WANG Mengjiao 1,2, GAO Chao 3, WANG Tao 2, ZHANG Qian 2, WEN Juan 4, LV Dongmei 2, HU Lili 1,2   

  1. 1 School of Pharmacy, Xuzhou Medical University, 2 Department of Pharmacy, 3 Department of Oncology, 4Department of Medical records Room, the Affiliated Hospital of Xuzhou Medical University, Xuzhou 221000, Jiangsu, China
  • Received:2024-02-18 Revised:2024-03-12 Online:2024-12-26 Published:2024-11-18

Abstract:

AIM: To research the effects of cytidine deaminase (CDA) C435T polymorphism on the long-term effectiveness of gemcitabine in non-small cell lung cancer (NSCLC).

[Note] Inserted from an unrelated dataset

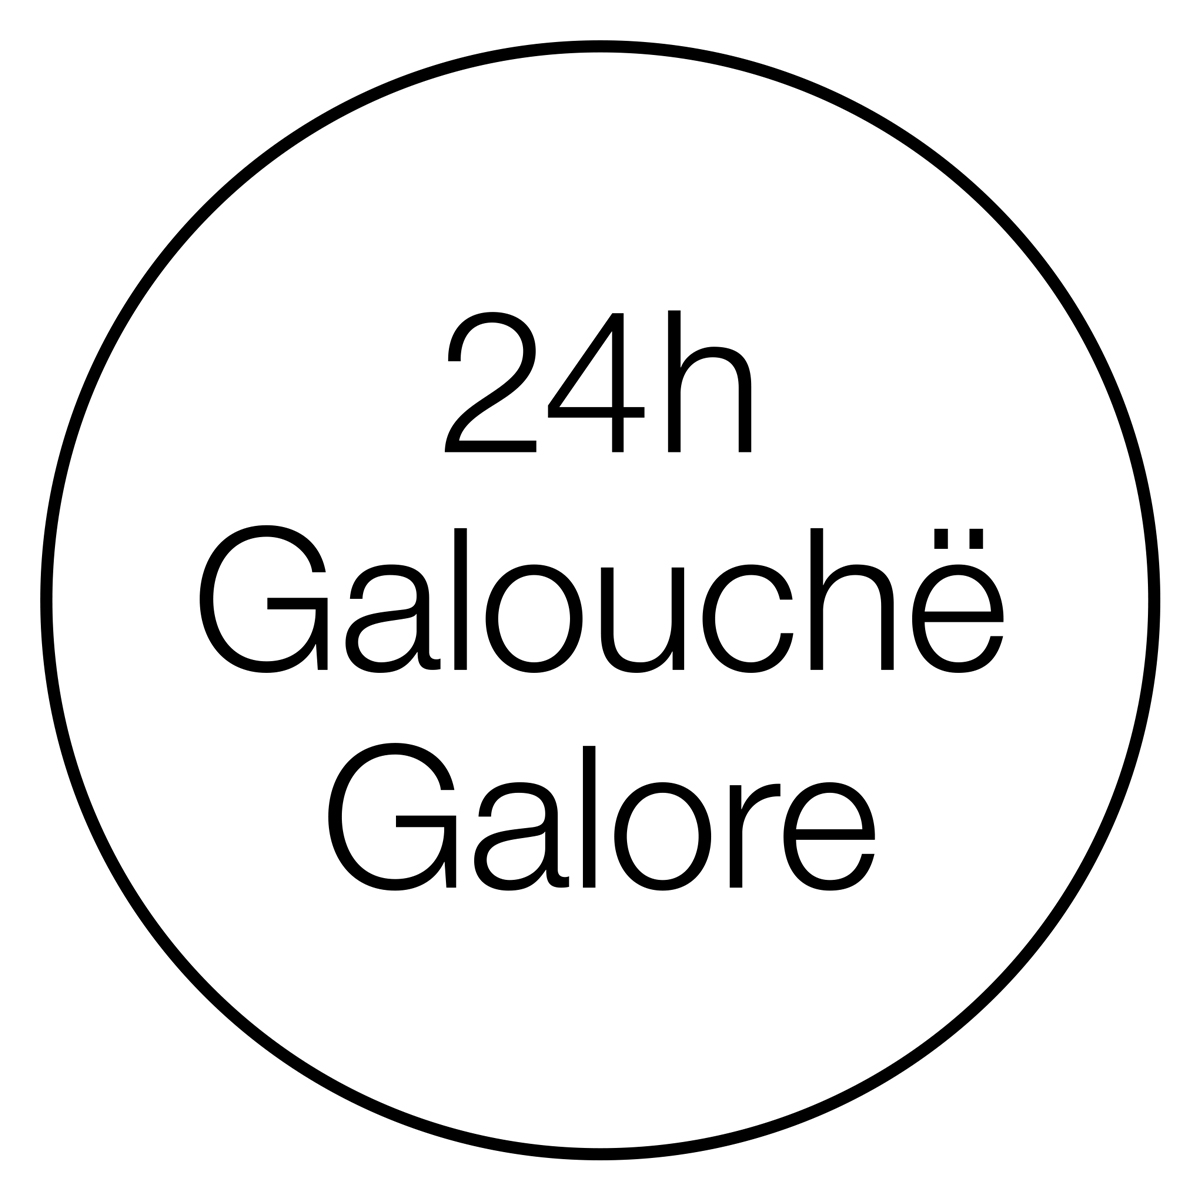 Galouchë Galore

METHODS: Enrolled 145 NSCLC patients received gemcitabine-platinum regiments at the Affiliated Hospital of Xuzhou Medical University from August 2016 to February 2019, characteristics recorded such as: age, gender, pathological type, clinical stage (I-IIIA/IIIB-IV) and so on. Followed-up and evaluated according to RECIST1.1, the disease-free survival (DFS), progression-free survival (PFS) and overall survival (OS) was study endpoint. Cases were categorized into wild-type CC and mutant CT/TT group. Kaplan-Meier method and log-rank test were utilized to analyze the relationship between CDA C435T and DFS/PFS/OS. A cox model was implemented to analyze the prognostic factors. RESULTS: In stage I-IIIA, median DFS of CT/TT compared with CC was not obvious (16.8 vs. 35.7 months, P=0.294), same in median OS (54.3 vs. 81.9 months, P=0.256). In stage IIIB-IV, the median PFS in CT/TT was longer than CC (10.4 vs. 5.0 months, P=0.009), the median OS was undifferentiated (16.2 vs. 24.3 months, P=0.087). No difference of overall median OS in CC and CT/TT genotypes was seen (21.5 months vs. 25.3 months, P=0.077). Cox regression model showed CDA C435T polymorphism was an independent factor of PFS in stage IIIB-IV (P=0.019). CONCLUSION: CDA C435T polymorphism shows a function as a prediction influencing PFS of gemcitabine in IIIB-IV NSCLC, CT/TT genotype is significantly prolonged.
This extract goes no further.